THE INJURIES SUSTAINED BY THE PLAINTIFF.
[5] The plaintiff was 34 years old at the time of the motor vehicle accident. She was transported to the Phekolong Hospital subsequent to the incident. The following morning she was transferred to the Dihlabeng Provincial Hospital for further intervention. She sustained a fracture to her right proximal tibia and fibula and a fracture to her 5th metatarsal in her right foot. She was taken to theatre on 22nd March 2016 for an Open Reduction Internal Fixation of the tibia and the 5th metatarsal. Whilst in hospital she received physiotherapy treatment in the form of strengthening exercises and mobility training with the aid of crutches. She was discharged from hospital on 23 March 2016. She continued to mobilize with two crutches for approximately three months and then started using only one crutch.
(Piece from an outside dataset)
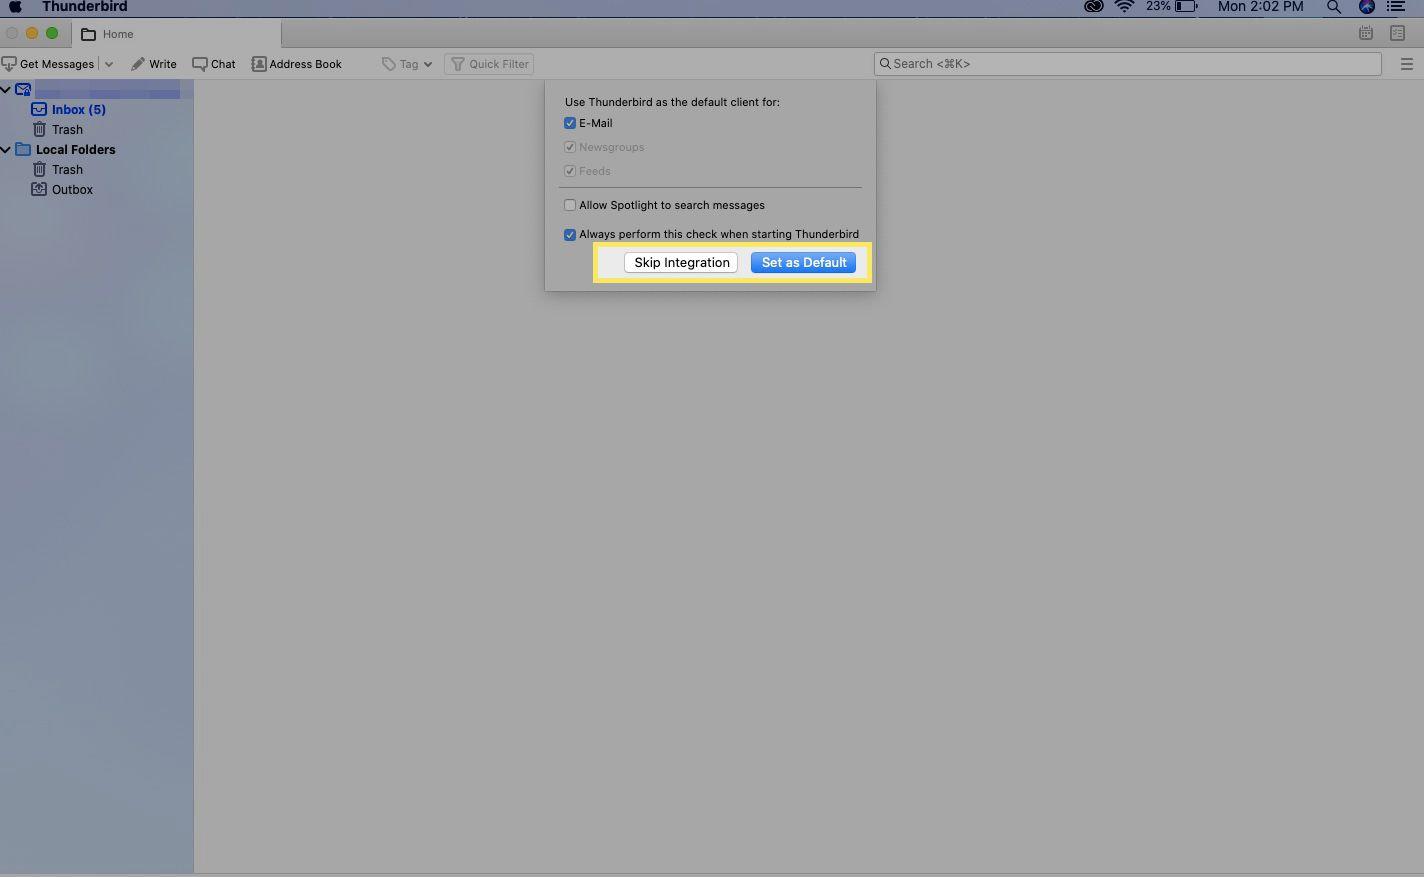 Select Set as Default or Skip Integration
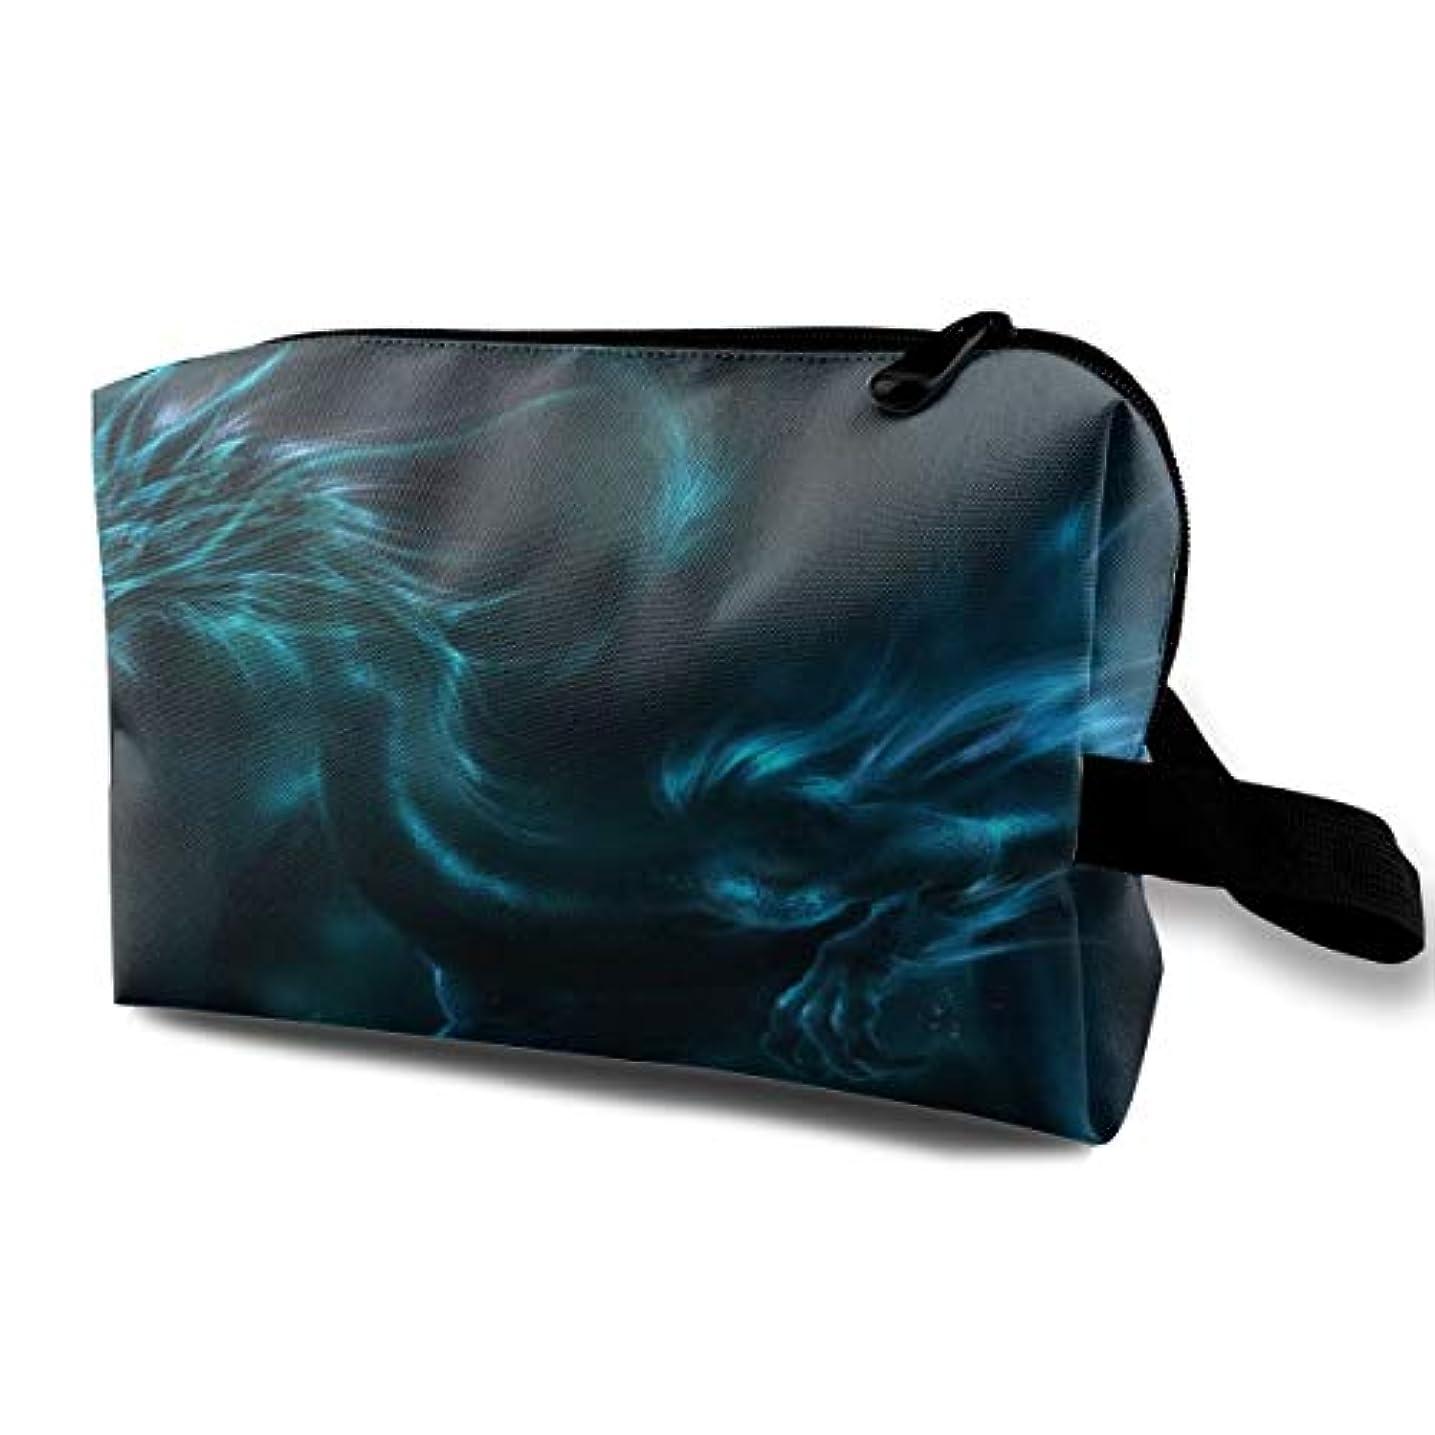 浅いイースター知り合いになるCool Blue Dragon 収納ポーチ 化粧ポーチ 大容量 軽量 耐久性 ハンドル付持ち運び便利。入れ 自宅?出張?旅行?アウトドア撮影などに対応。メンズ レディース トラベルグッズ

By November 2016 the plaintiff was mobilizing independently.
[6] Several expert notices were filed by both parties in terms of the provisions of Rule 36 (9)(a) and (b). Joint minutes in terms of the provisions of Rule 35 (9) were filed by the following medical experts and handed up as Exhibits “A”, “B” and “C” respectively:
(a) Orthopaedic Surgeons, Dr L F Oelofse and Dr. T S Bogatsu dated 29 August 2018;
(b) Occupational Therapists, S Gouws and S Moagi dated 18 January 2019;
(c) Industrial Psychologists, Mr. Ben Moodie and Ms M Kheswa dated 13 February 2019.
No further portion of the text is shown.